Nykthos, Shrine to Nyx

Mono-Green Devotion in Pioneer is mostly solved by now – the last debate is how to use the handful of flex slots in the maindeck, and Nissa, Ascended Animist is a new candidate there. Its biggest flaw is not being a hit for Storm the Festival, and this automatically disqualifies it for some Mono-Green pilots. It’s also the worst use of those flex slots against the aggro decks in Pioneer – at least other five-drops like Elder Gargaroth or Skysovereign, Consul Flagship can stabilize the game in return for that hefty investment. 

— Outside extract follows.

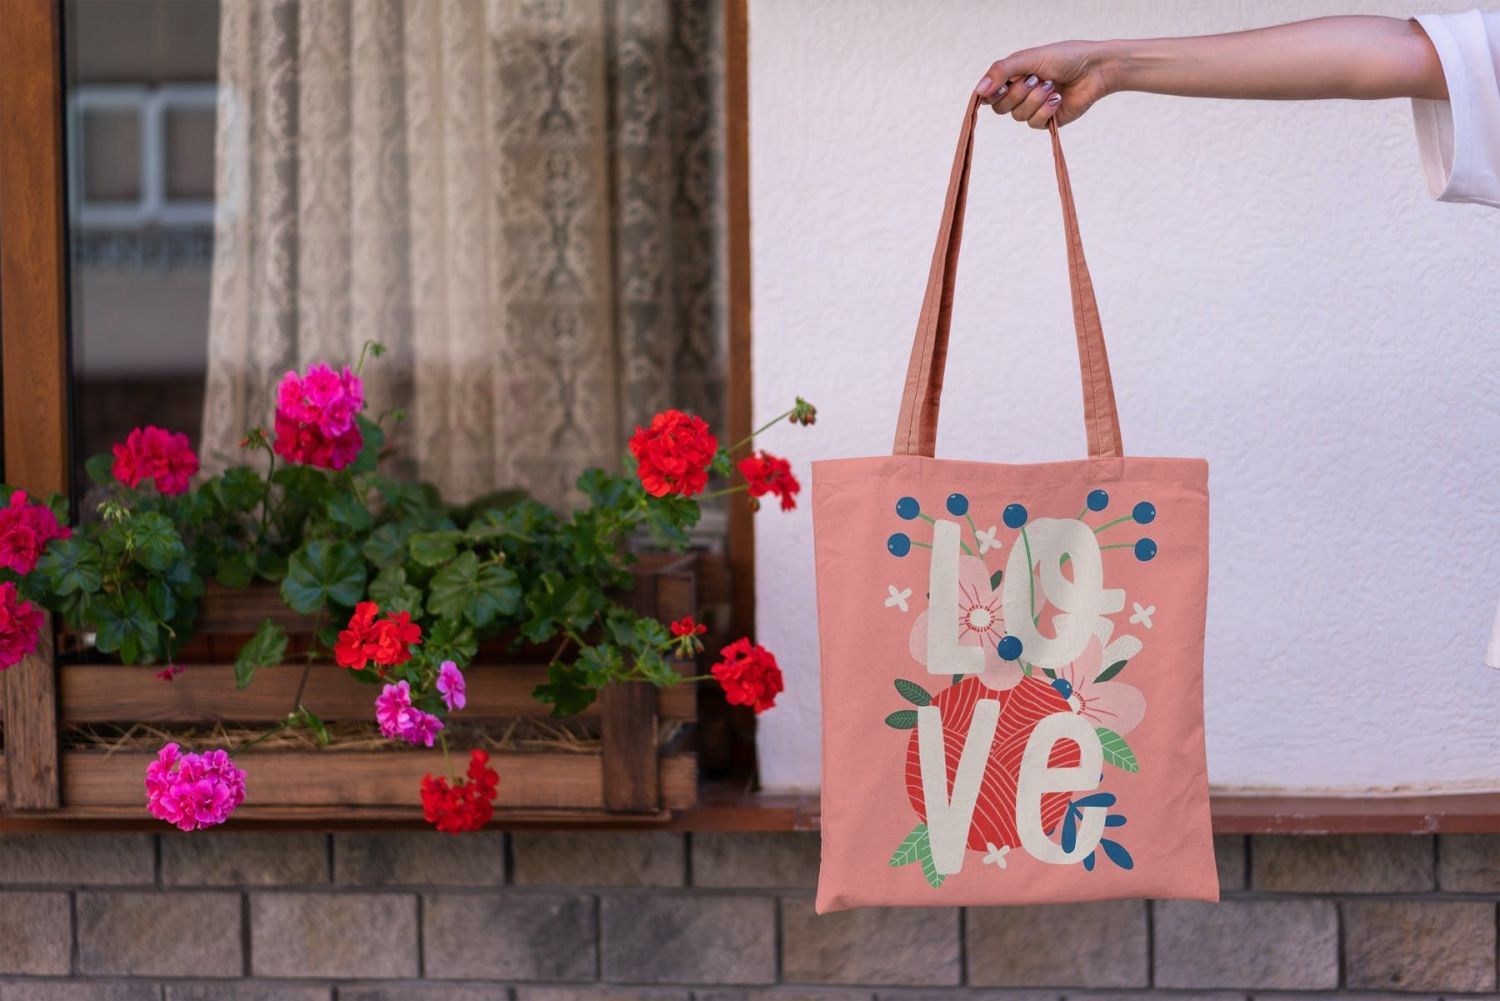 帆布手提包样机生活方式 Canvas Tote Bag Mock-Up Lifestyle插图8

In return, you get a threat that you’re happy to ramp into as a five-drop on Turn 3 (helpfully, your Horror tokens from the +1 are big enough to trigger Kiora, Behemoth Beckoner right away) that also scales very well in longer games where the ultimate makes your collection of Elvish Mystics lethal on the spot. This Nissa also cheats the devotion check, as the Phyrexian green mana counts towards devotion to green regardless of how you paid it, turbo-charging your Nykthos turns.

Ultimately, I expect Nissa will fail to make a big impression in Pioneer. I’m glad that Magic has moved past the point where planeswalkers with good rates would define Standard by default, but there are some interesting designs in this bunch that I hope will get a chance to shine somewhere.